Top of Given entries

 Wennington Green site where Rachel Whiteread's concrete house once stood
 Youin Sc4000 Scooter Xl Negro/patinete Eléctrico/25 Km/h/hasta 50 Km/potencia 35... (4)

Bottom of Given entries
Top of Given entries

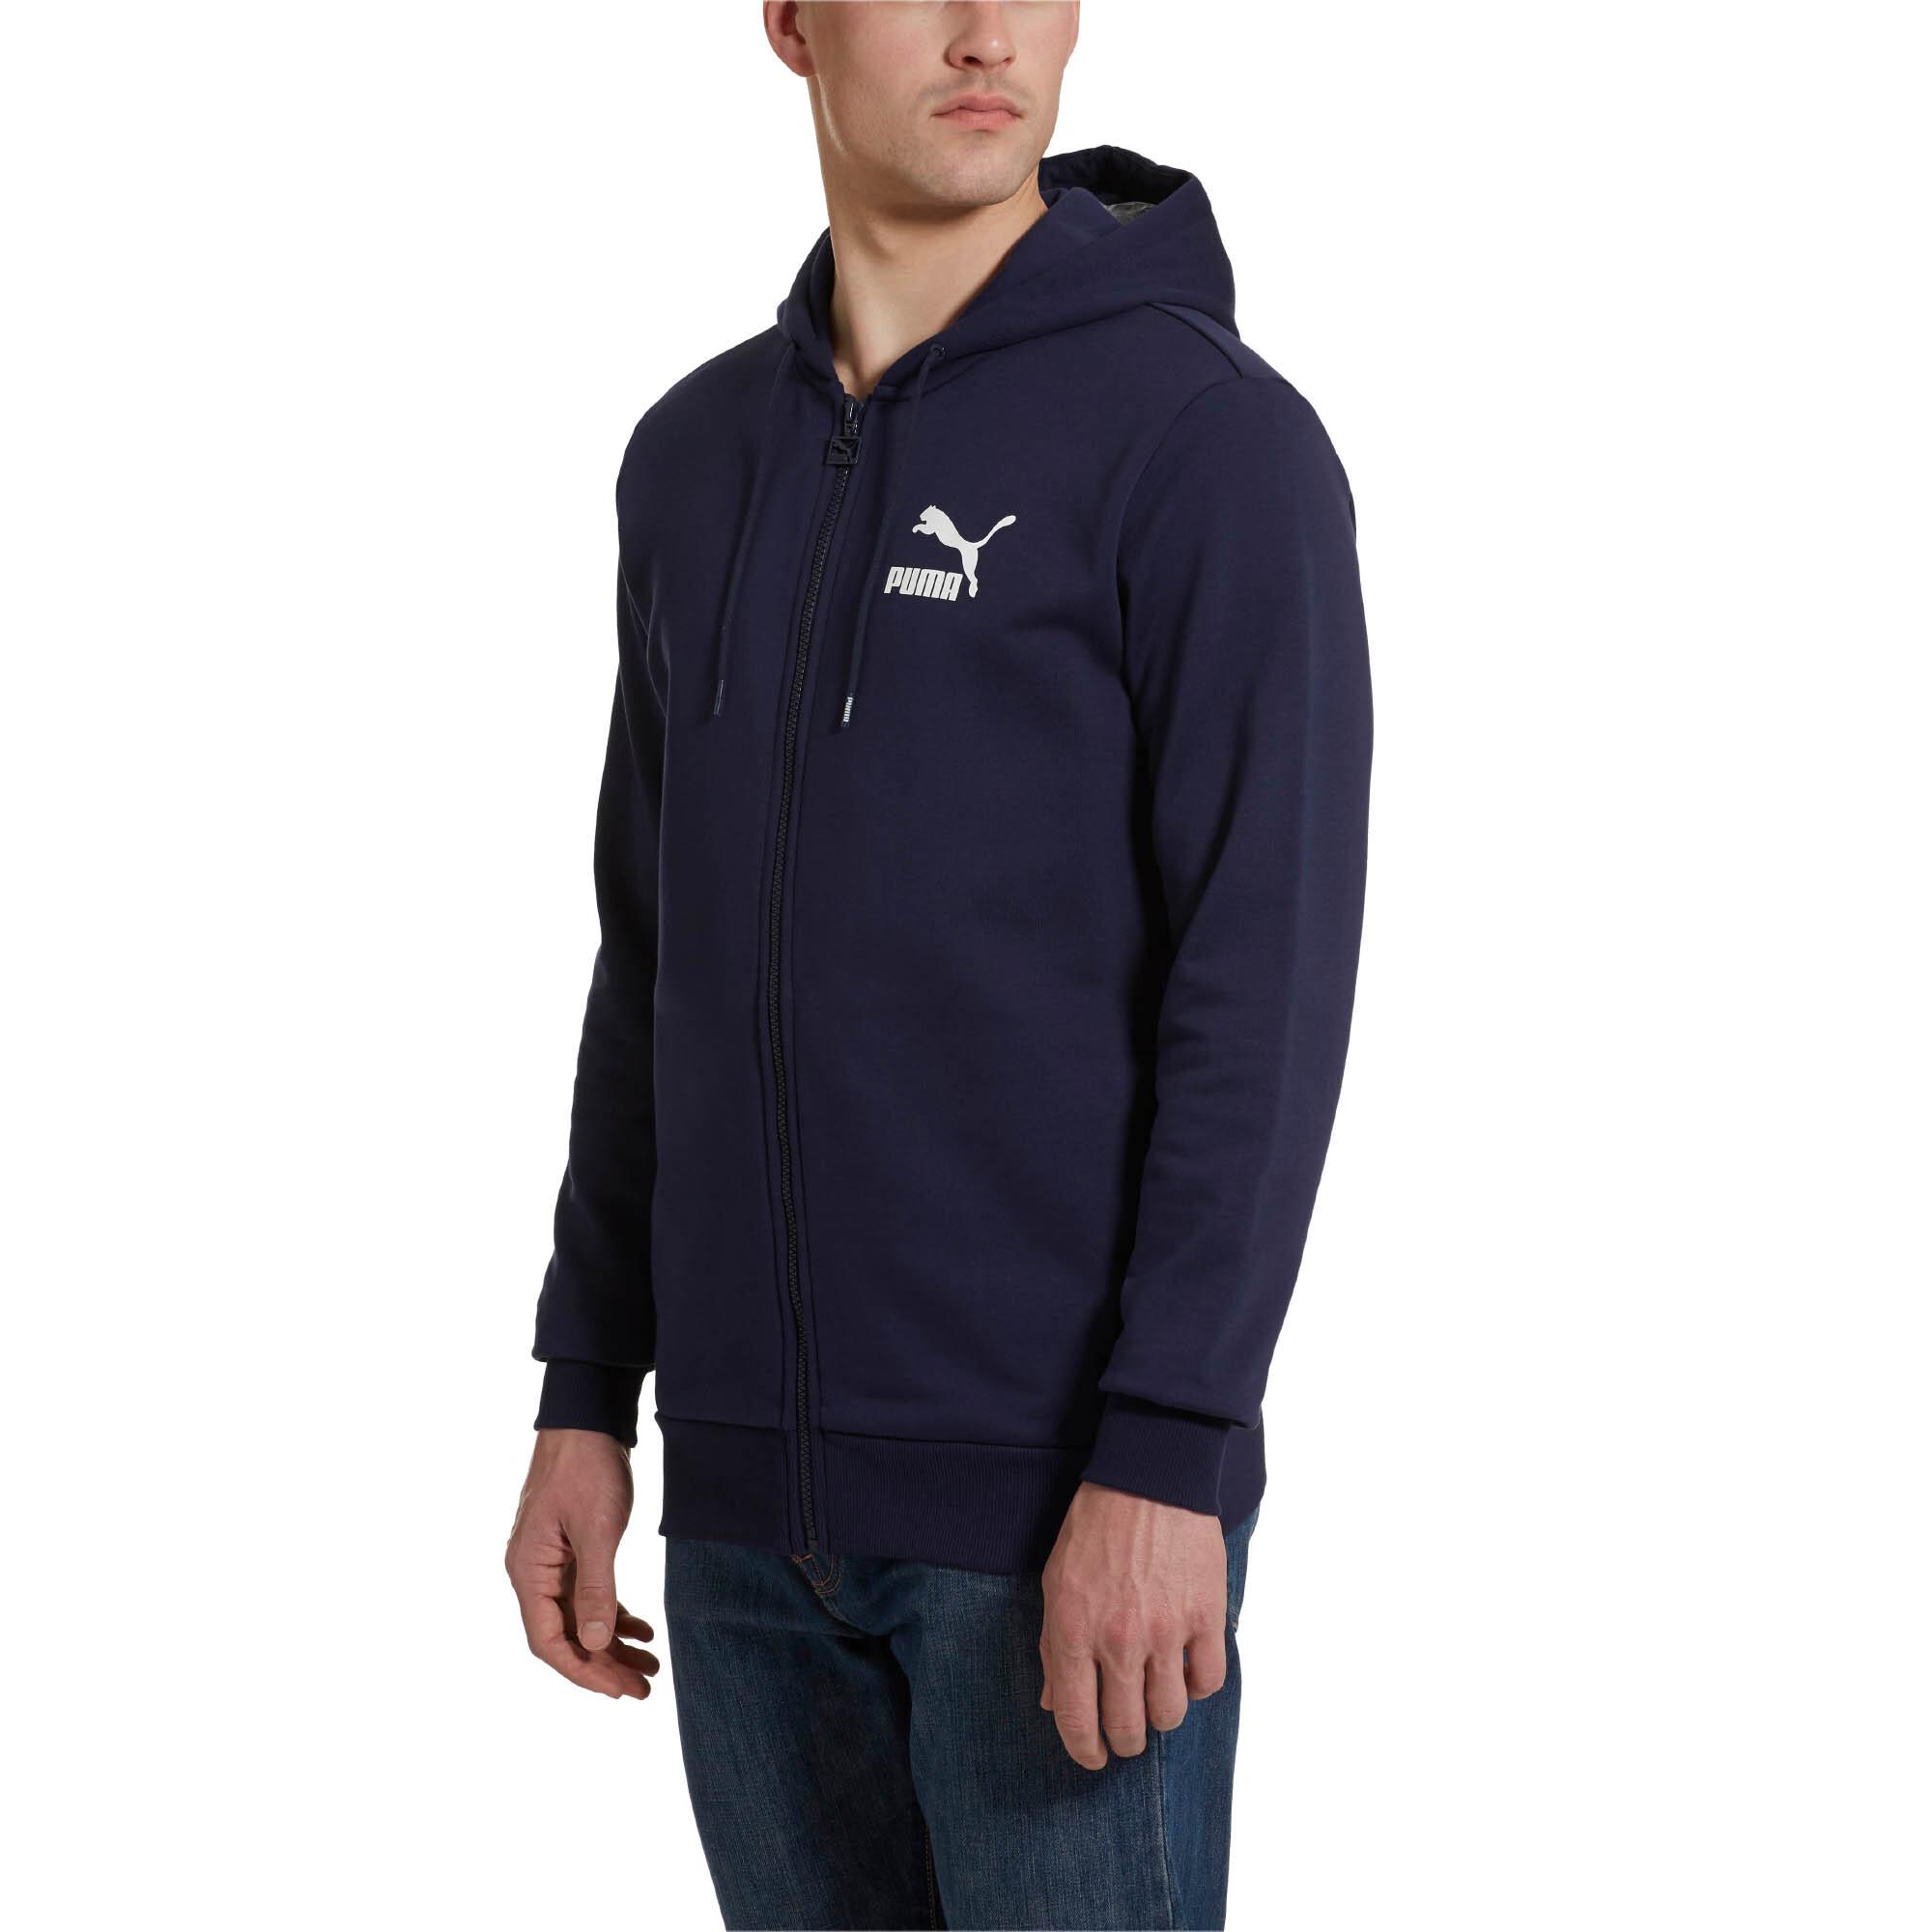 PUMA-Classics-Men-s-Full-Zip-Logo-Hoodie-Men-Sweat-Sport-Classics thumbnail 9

Bottom of Given entries

Would you copy out exactly the lines above that start at the one containing "Wennington Green site" and end at the one containing "Youin Sc4000 Scooter", inclusive?

** Completed task **
 Wennington Green site where Rachel Whiteread's concrete house once stood
 Youin Sc4000 Scooter Xl Negro/patinete Eléctrico/25 Km/h/hasta 50 Km/potencia 35... (4)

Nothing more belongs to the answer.